---------- The data ----------
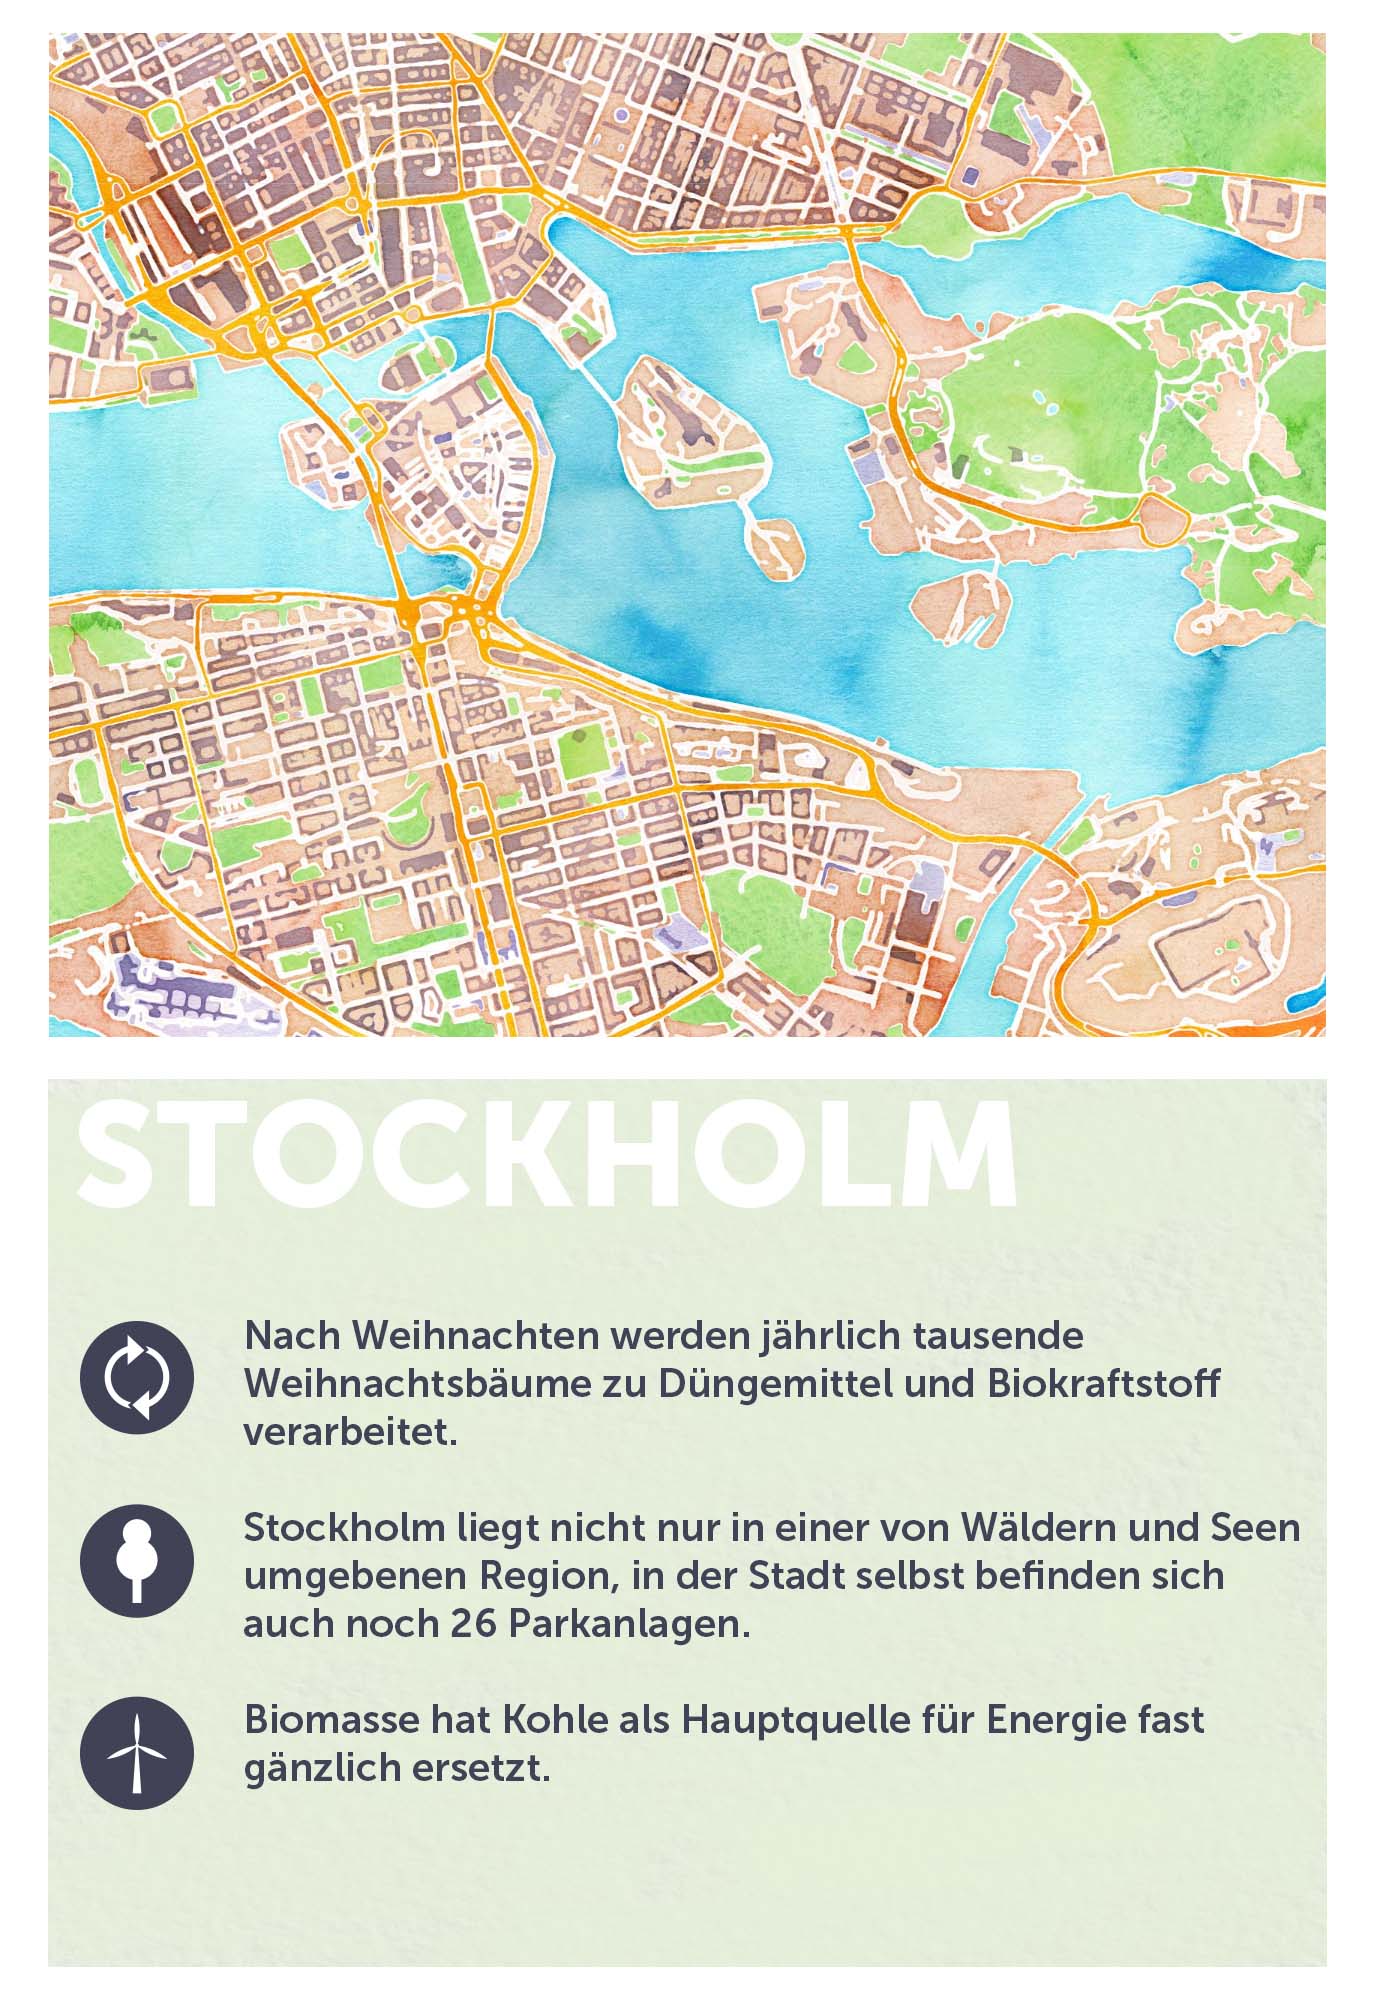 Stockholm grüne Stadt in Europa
----------
---------- The data ----------
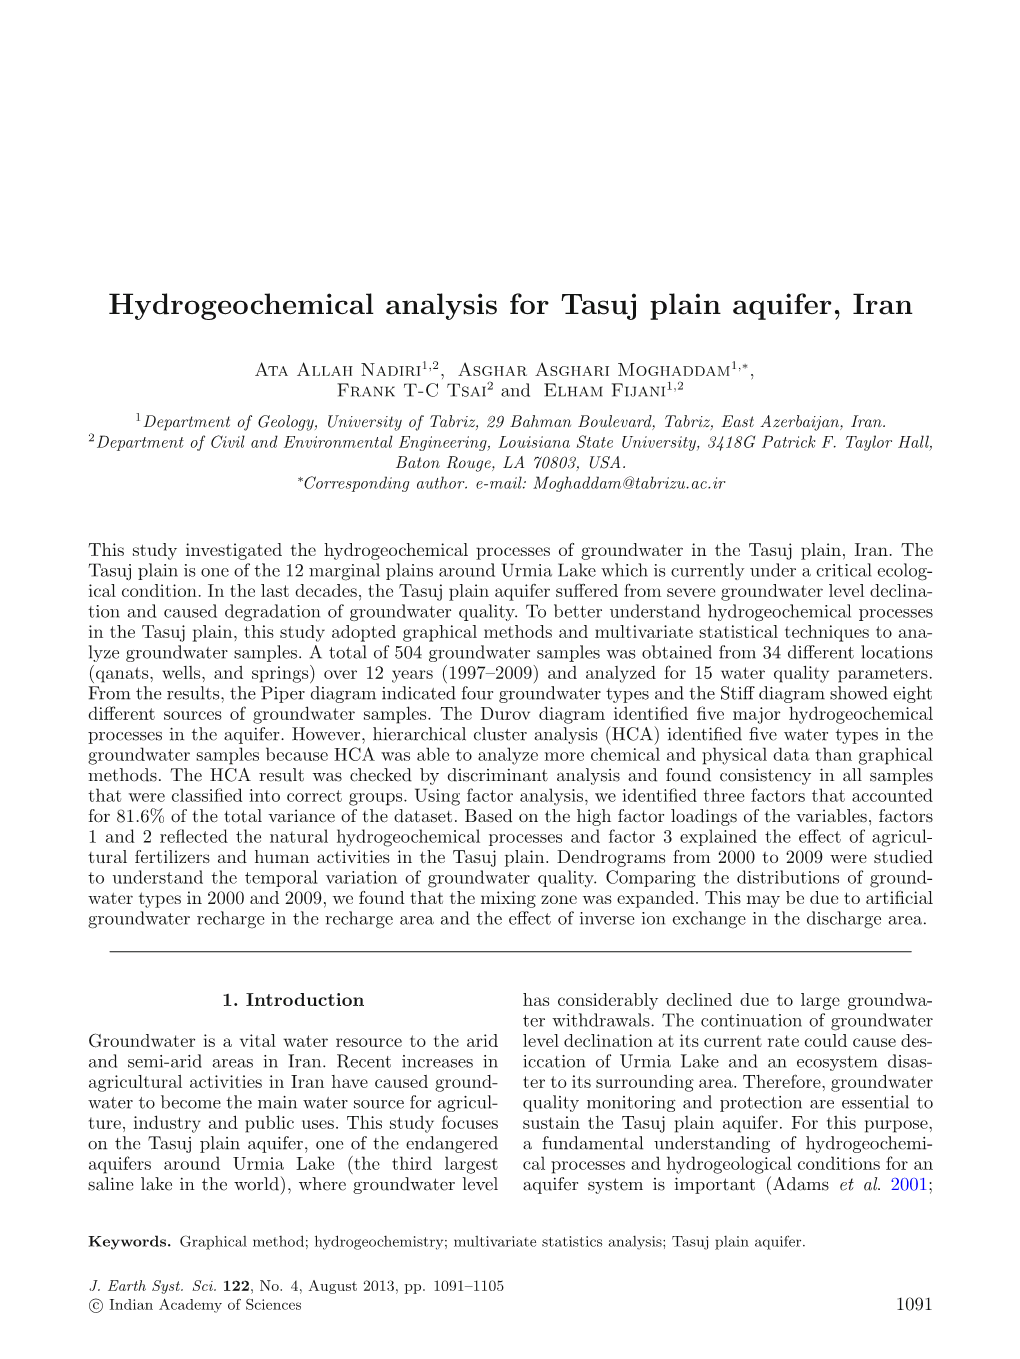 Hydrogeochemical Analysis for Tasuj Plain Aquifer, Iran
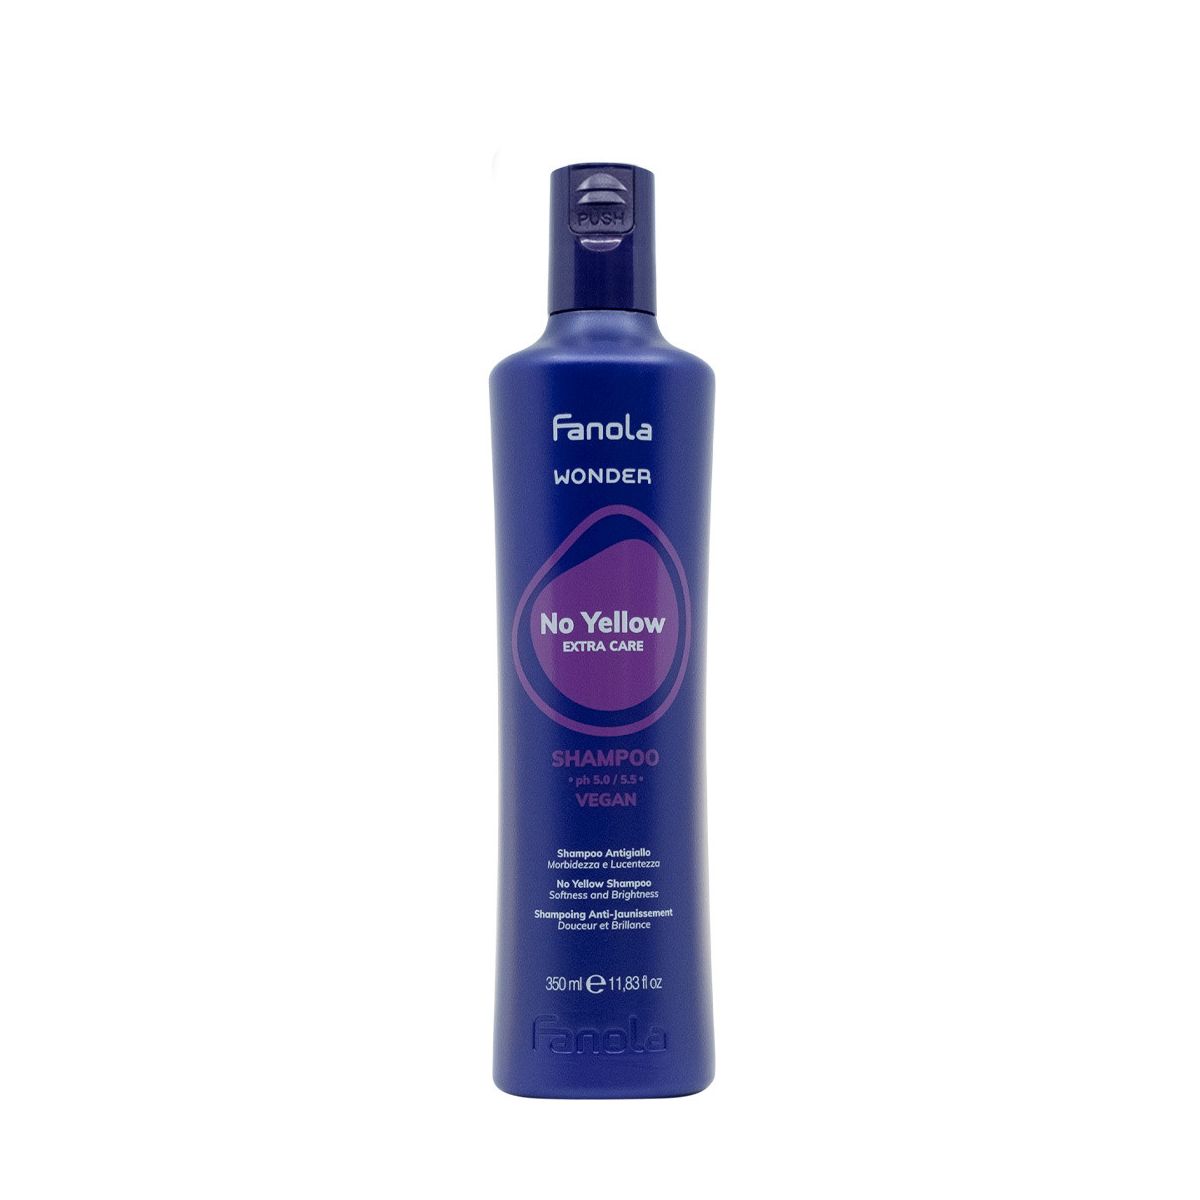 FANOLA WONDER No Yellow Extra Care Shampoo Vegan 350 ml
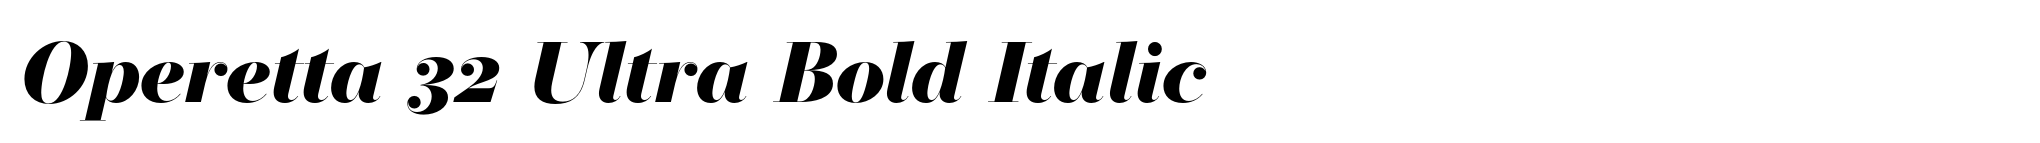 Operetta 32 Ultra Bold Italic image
----------
Look above for the line with "FANOLA WONDER No" and the line with "Operetta 32 Ultra Bold Italic image"; set down those two lines and all lines between them exactly, without pictures and without anything else.

Reply:
 FANOLA WONDER No Yellow Extra Care Shampoo Vegan 350 ml
 Operetta 32 Ultra Bold Italic image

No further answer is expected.